JD Sports shares were 1.9% higher at 1,103.45 pence each in London on Thursday morning.

It was the latest twist in a protracted and frustrating process for JD Sports, which purchased the footwear seller back in March 2019 for GBP90.1 million. That July, however, the UK Competition & Markets Authority opened a probe on the tie-up.

The CMA on Thursday said the deal "could lead to a substantial reduction in competition and a worse deal for Footasylum's customers".

JD Sports is "by far and away" the closest alternative for Footasylum shoppers, the CMA said.

"The CMA expects this will continue to be the case even after taking into account the continued growth in online shopping, including on the websites and apps of brands such as Nike and Adidas," the watchdog added.

"The CMA's view is that requiring JD Sports to sell Footasylum is the only way to address its competition concerns and protect consumers. It will oversee the sale and approve the purchaser, in order to ensure that Footasylum will be run as a fully independent competitor."

JD Sports lashed out at the decision. The FTSE 100 company called the CMA's decision "extreme and unprecedented", saying it "defies logic". It said it will study the regulator's Footasylum report and consider its options.

The Bury-based firm added: "As a result of this merger, there would be no substantial lessening of competition for JD and so, consequently, JD has no incentive to raise prices or worsen its consumer offer.

"It is inexplicable to JD that the CMA remains of the view that one small competitor, Footasylum, with less than 5% of the market, is not subject to the same competitive pressures and discipline from Nike and adidas DTC that affects the remaining 95%+ of the market."

The CMA hurdle has proved a stiff and at times seemingly unassailable one for JD Sports to clear in regard to Footasylum.

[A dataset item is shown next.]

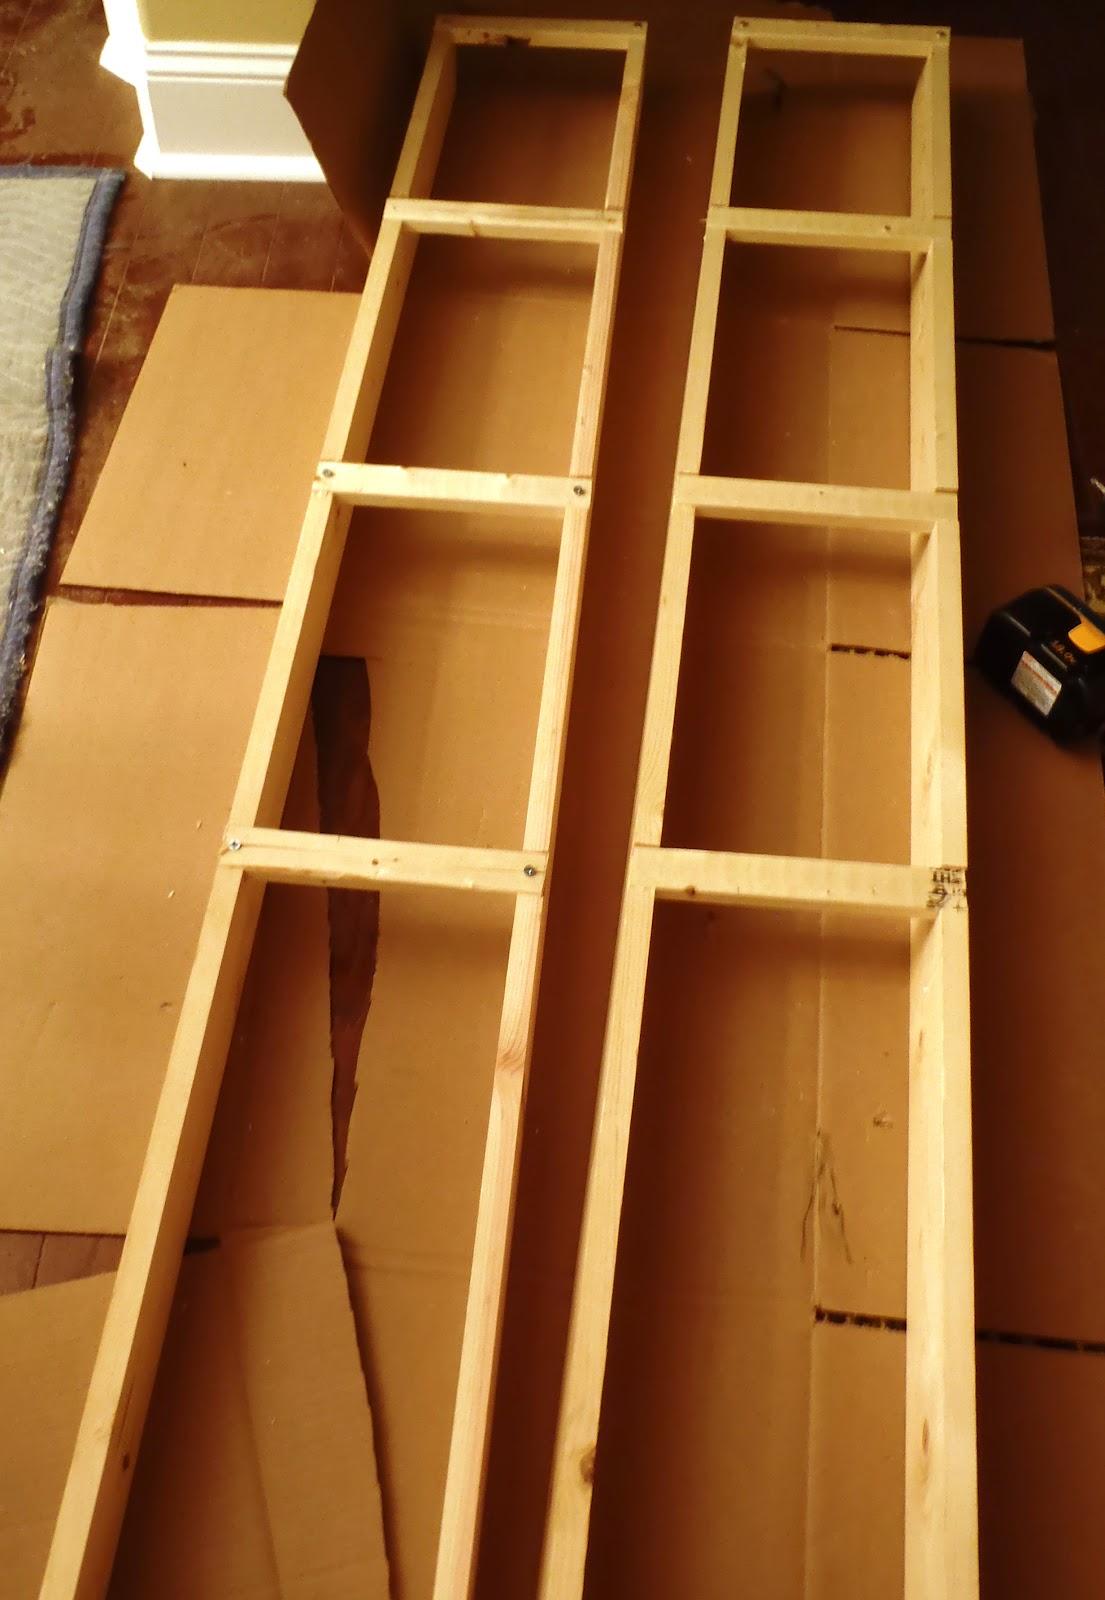 interiors furniture & design: laundry room shelves

In May 2020, JD Sports hit out at the monopoly regulator after the CMA flexed its muscles and blocked the retailer's acquisition of high street outfit Footasylum. In November of that year, however, a Competition Appeal Tribunal ruling meant that the CMA had to reconsider its decision.

Then in September of this year, the CMA once again placed the deal in doubt. The regulator cautioned at the time that the only way of addressing competition concerns may be by requiring JD Sports to sell Footasylum.

The Footasylum deal is not the only JD Sports matter which is currently facing CMA scrutiny.

In September, the watchdog launched a probe into "suspected breaches of competition law" by JD Sports and Premier League football club Leicester City. It relates to the sale of Leicester City-branded products.